But something newer is brewing in the world of application development. Developers are pushing the idea of a thick/fat/rich application to the point where the client is completely in the driver’s seat and building a custom back-end is an unnecessary, if not an obsolete, endeavor.

What’s Changed?

I believe this is occurring because of the following 16 ideas/movements/factors that have been percolating in the web community for a couple of years now.

  1. The rise of adaptive interfaces and responsive design to account for the range of devices a user might invoke to interact with a website or web application.
  2. Application logic is moving to the client because this typically results in a better experience for the user by avoiding the older web 1.0 model of full page reloads with every URL change.
  3. JavaScript has become, “the world’s most ubiquitous computing runtime” and, like it or not, JavaScript is the programming language we have to use in the browser.
  4. Developing, running, testing, and deploying application logic using one language, such as JavaScript, avoids the contextual switching cost of using multiple programming languages in a technology stack.
  5. JavaScript is maturing as a language and speed is less of an issue these days.
  6. Simple static files, (.html, .css, .js) that run independently from the need of server-side dynamic processing is all that is needed to build a modern application. The complexity of dynamic files, being parsed first on the server before running in the client, is an unnecessary complexity. Simple static files, free from server-side stacks and frameworks can result in application source code that is simpler to develop, run, maintain, test, and deploy. (See StaticApps.org)
  7. Local development and build processes are no longer tied to a server (e.g. Apache), operating system (e.g. Linux), and language (e.g. PHP) combinations. Node JS and JavaScript tasking solutions (Grunt, Gulp, etc.) have made local development and task running (i.e. building) trivial by reducing everything that used to happen on complex server stacks to one language which can run with ease most anywhere. (Note: I am not referring to Node’s usage as a production server but as a tool that can run anywhere for the purpose of testing applications and building applications which result in static files. Having a reliance on a custom back-end using something like a MEAN stack would just be repeating the same pattern found in something like the MAMP stack)
  8. The rise of “un-hosted” applications, which are decoupled from complex back-end technologies and run client-side first and connect to the back-end via an API at runtime. (See unhosted.org)
  9. The promotion of building an application without a custom back-end. Most applications rarely need more than simple data storage, user management, email, payments, etc. These should just be provided via a simple API/back-end service to front-end developers. (See NoBackend.org and hood.ie)
  10. An application should be decoupled from the back-end so that nothing is assumed about what type of application is making use of the back-end. In other words, both a desktop web application that runs in a browser and a native mobile application running on a phone should make use of the same API/back-end. The DRY and KISS principles are in full effect here. Creating anything back-end that might assume the interface between the user and the app is clearly a poor architecture given the diversity of connected devices running applications today.
  11. The use of patterns like JSONP and the adoption of CORS and Web Sockets by browser manufacturers.
  12. The plethora of free APIs to do most anything and the consistency across large organizations to offer developer API’s.
  13. Users want applications to be usable even if no connection to the internet is available.
  14. Newer devices that are used differently than a desktop/laptop computers have opened up a new exchange of smaller more focused applications and games by way of platform specific application stores.
  15. More and more companies are relying on back-end services instead of building a custom back-end solution in house.
  16. The rise of front-end tooling and front dev opts.
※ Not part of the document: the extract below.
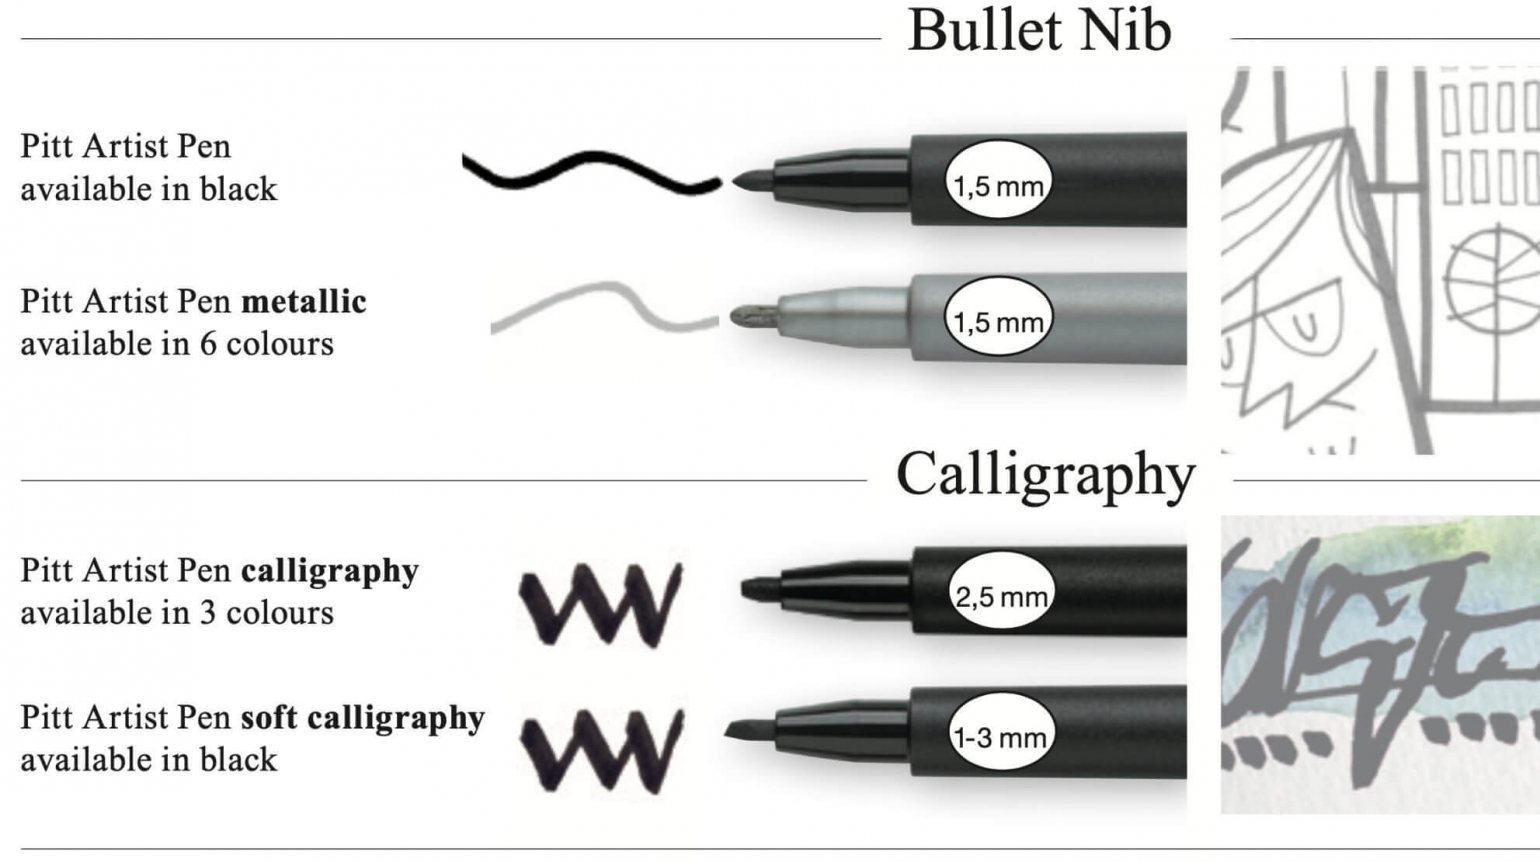 Pitt Artist Bullet and Calligraphy Pens in different thickness of nib showing stroke style

Defining Front-end Driven Applications

As a front-end engineer, I have been taking note of these movements for a couple of years and it seems to me that we are departing from a previous understanding of how applications are developed. When this happens new conversations need to occur and new terms need to be crafted for these conversations.

Several terms have been proposed (e.g. static, no back-end, un-hosted apps) describing various aspects of this shift to client-heavy applications that are decoupled from an abstracted back-end. None of these concepts have caught on because of the semantic baggage from words like “static”, “back-end”, and “hosted”. The term I have settled upon is “Front-end Driven Applications” or FDA’s. The definition of the term is still very much a work in progress but the gist is this:

Front-end Driven Applications run on the client first from static files (html, css, js) and rely on XHR or Web Sockets at runtime to connect to decoupled, non-custom, independent, third party back-end services (e.g. data storage, file storage, search, user management, emailing, payments etc.) that can’t occur on the client alone.

How Are Front-end Driven Applications Different From X?

I’ve already gotten push back that the term “Front-end Driven Applications” is really just another name for a thick/fat/rich application and completely unnecessary given that this isn’t anything new. The reason I think we need a new term is because part of the definition of a FDA is the notion that the entire application runs first on the client and anything that can’t occur in the client is passed off to a third-party service that is not a custom back-end. This, I believe, is a completely new way of thinking about the construction of an application, even if some of the parts are old hat.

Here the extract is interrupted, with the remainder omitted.